Just got out of a monthly meeting to discuss collection development topics. Basically, this is the intersection of selectors and fund coordinators with technical services people (vs. our technical services groups, which includes tech svcs, systems and some collection development presence). Mostly the same cast of characters save a couple of folks, just focused in a slightly different direction topic-wise. There were 7 agenda items, two of which had my name attached. The first item was a Serials item (ejournal packages and binding decisions). That meant that discussion took a good hour+ out of a 2 hr meeting. When it was finally my turn, I covered my agenda items in about 15-20 minutes. I always wonder if that means I'm communicating more efficiently (and I hope effectively to go along with that), if I'm skimpily covering things that I should be covering in more detail, or if I just shouldn't take it personally at all and just chalk it up to the fact that folks have a really hard time getting their minds around the management of electronic journals. Should I be going in with the intention to take up more air-time, for political reasons of reminding people of the importance of monographic material, rather than our being the neglected relative of serials? It seems that I would then be contributing to the problem.
I should also mention that I get really antsy in bloated meetings, especially when my agenda items are further down on the list. When I lead a meeting, it's always dive in-get out--ideally in about an hour or less.

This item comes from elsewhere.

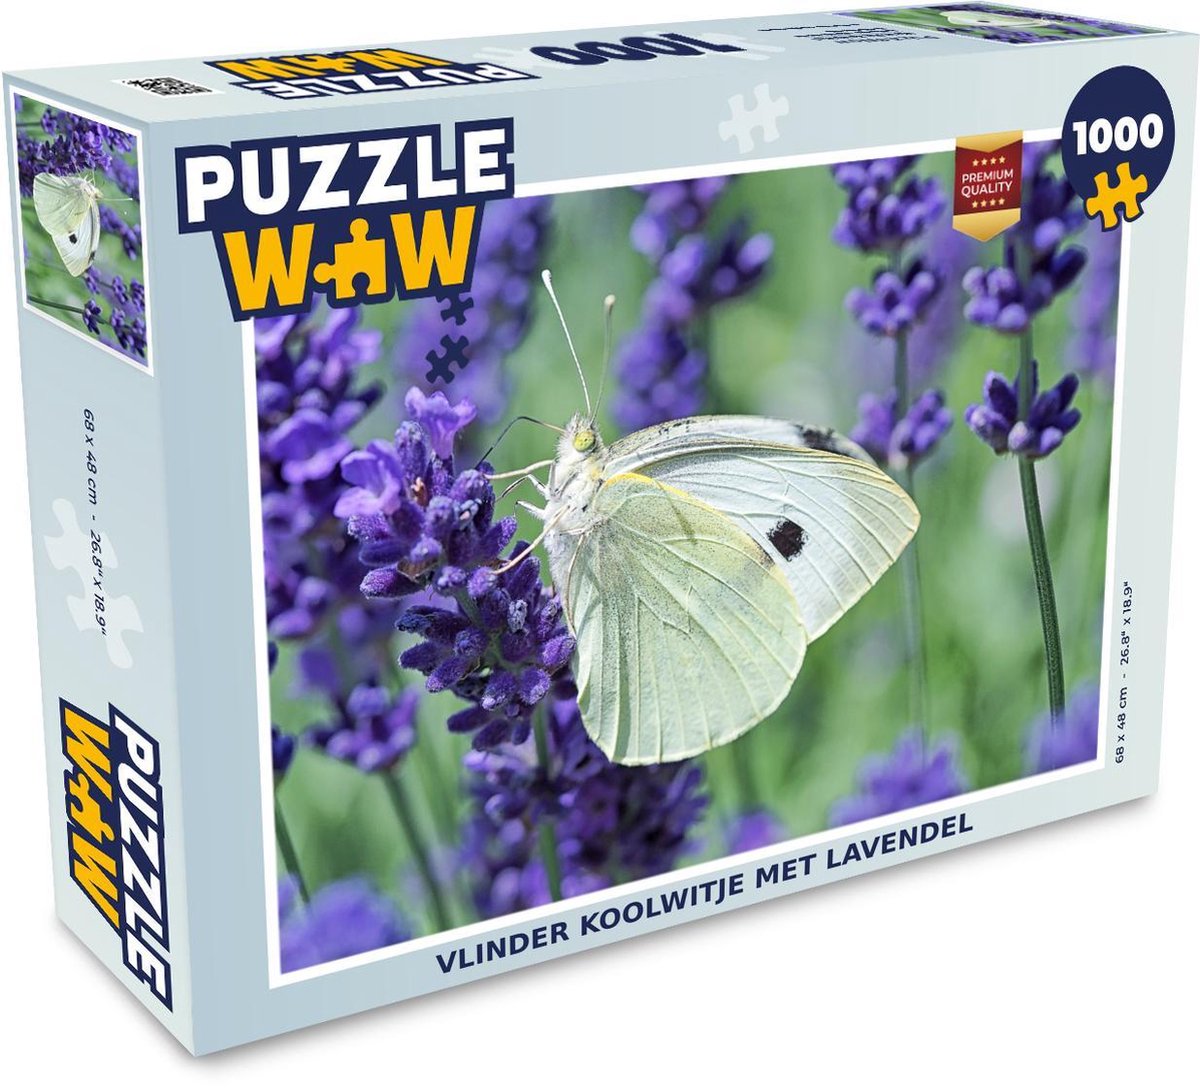 Afbeelding van product Puzzel 1000 stukjes volwassenen Koolwitje 1000 stukjes - Vlinder koolwitje met lavendel puzzel 1000 stukjes - PuzzleWow heeft +100000 puzzels

A short week given Monday's, the office is a total mess, which is not how I like to leave it on Fridays, impossible to fit in all the tasks of this week. Yet this week was massively draining (the jet lag from Boston?), and I'm really craving the weekend, and some chocolate. Looking forward to planting some seeds and doing more
gardening prep.
Really pruned all of the roses before I left for ALA (vs. the dead-heading/trimming that I
talked about earlier last year. Thanks, J, I think I did it right--luckily roses are very hardy. Look for more gardening updates as we move into spring.